Now as as a senior and a retiree living a minimalist but independent-minded life style, at this stage of life I feel that I have little to
lose in my relationship with others by making clear when the occasion presents itself my non-belief in a supreme being, including to fellow members of
the local synagogue that I occasionally attend for social purposes. In fact, overall, here in the Philippines where my wife Lydia and I have resided as expats for over 9
years and which is a
highly religious society, I feel more comfortable as an atheist than I did in
the States . Again, this is likely because I am more in control of my life
than in my earlier years.
It might seem strange, even paradoxical, that I would have this sense of freedom while living in a country which is predominantly and observantly Roman Catholic and which has the world's highest rate of God-believers. Yet there are nascent atheist and humanist organizations that have taken root here. Among them are PATAS, Filipino Free Thinkers, and HAPI. It's no surprise that their membership constitutes a minute fraction of the country's population. But the truth is that no one really knows how many atheists there are in the Philippines. This is because many non-believers in this culture of dependency are stuck in the closet for fear of jeopardizing their ties with the members of their circles of interest, which usually include nuclear and extended families and close friends.
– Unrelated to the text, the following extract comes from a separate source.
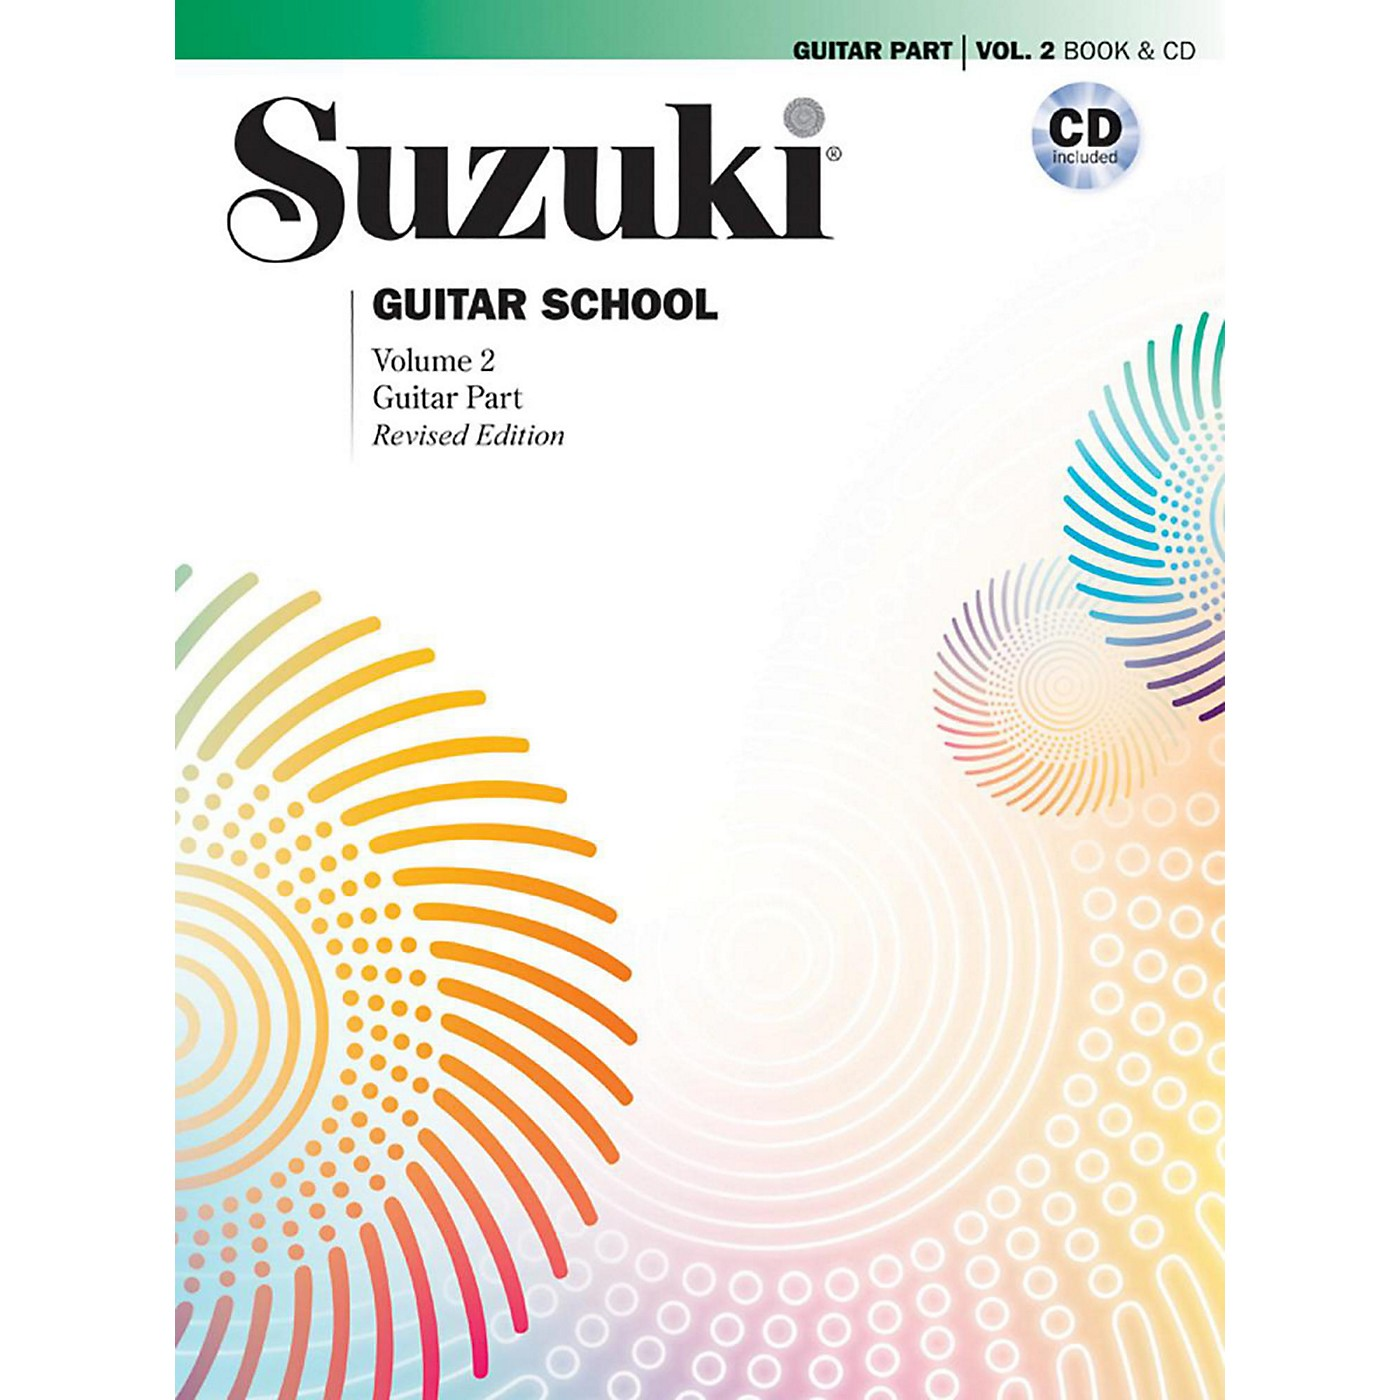 Suzuki Suzuki Guitar School Guitar Part & CD, Volume 2 Book & CD Revised thumbnail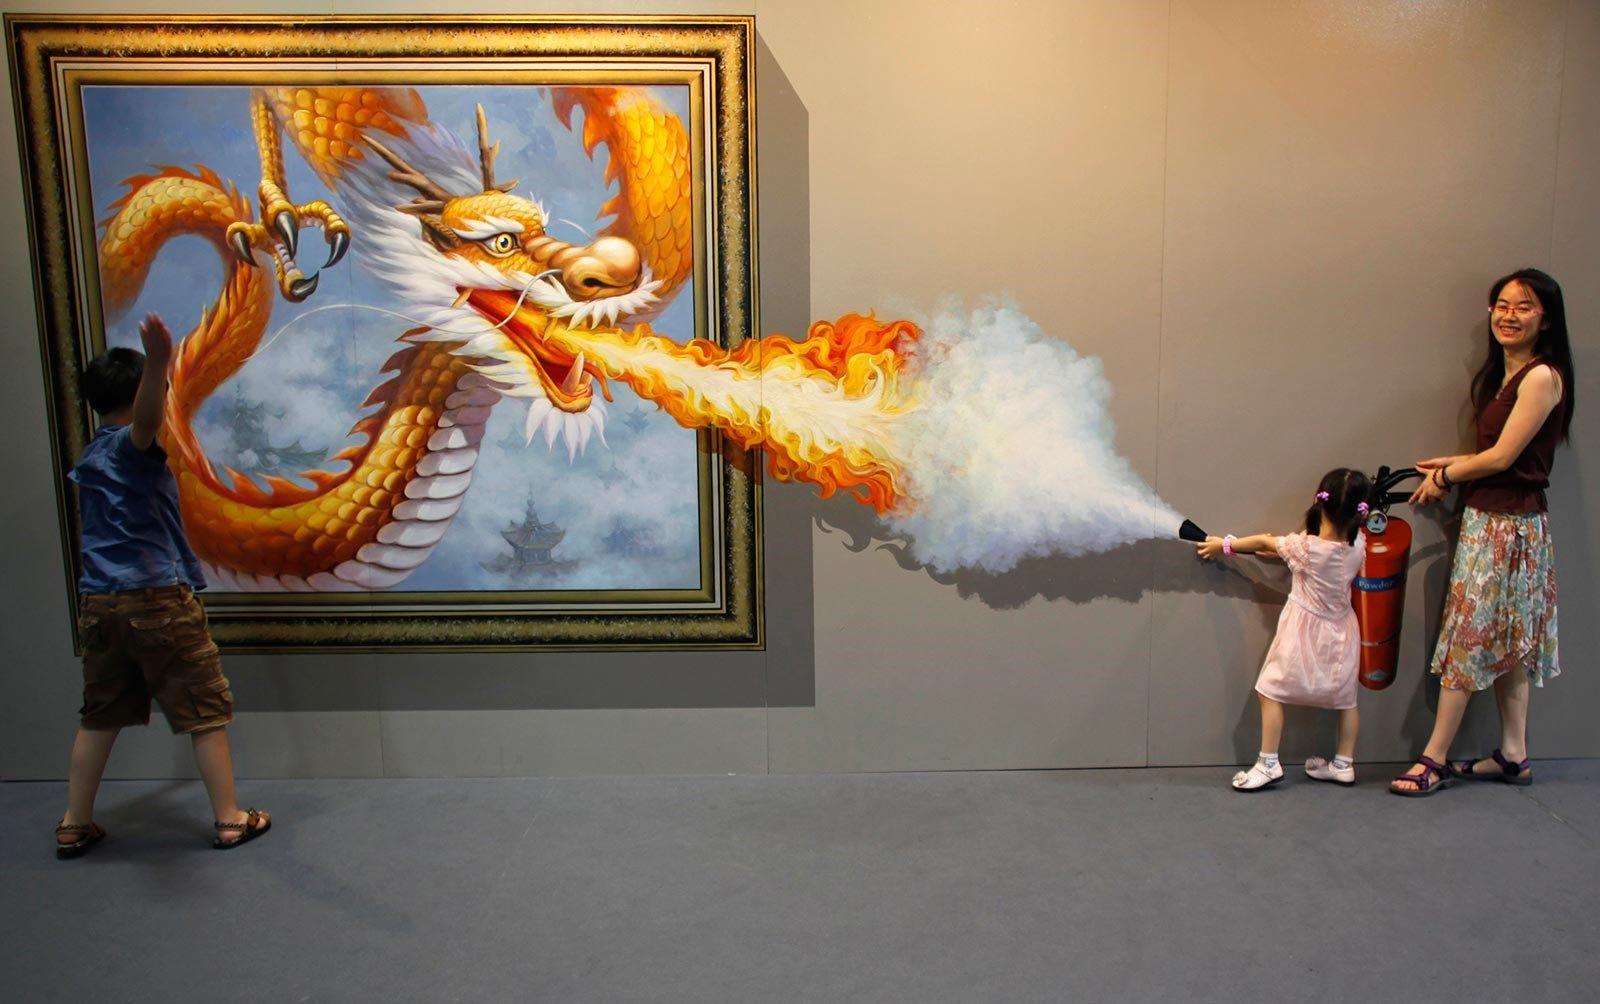 Photos illusion car moving optical illusion spectacular optical - Cool Optical Illusion We Love The Orange And Use Of Fire To Create

It cannot be overemphasized that these relationships are taken very seriously here. Hence, many secret atheists here do not want to risk being forsaken or shunned by coming out. I recall a social media entry by a Filipino who stated that he's a 22 year old closet atheist and wanted to disclose his non-belief to his parents. However, he was afraid that if he do so, they would disown him , and he wanted advice on how to handle the situation. Now, on one level, I can certainly sympathize with his plight. Most people do not want to be turned away from their families. But my response to him was that he needs step up and unashamedly declare his atheism. After all, he's 22, not 12. In other words, he is not a child and has as much right to his convictions and principles as his parents do theirs.
The alternative for this young man and others who share his predicament is to live a lie. But regardless of nationality or culture, when you do that, you are disowning yourself. And that is the worst kind of rejection of all.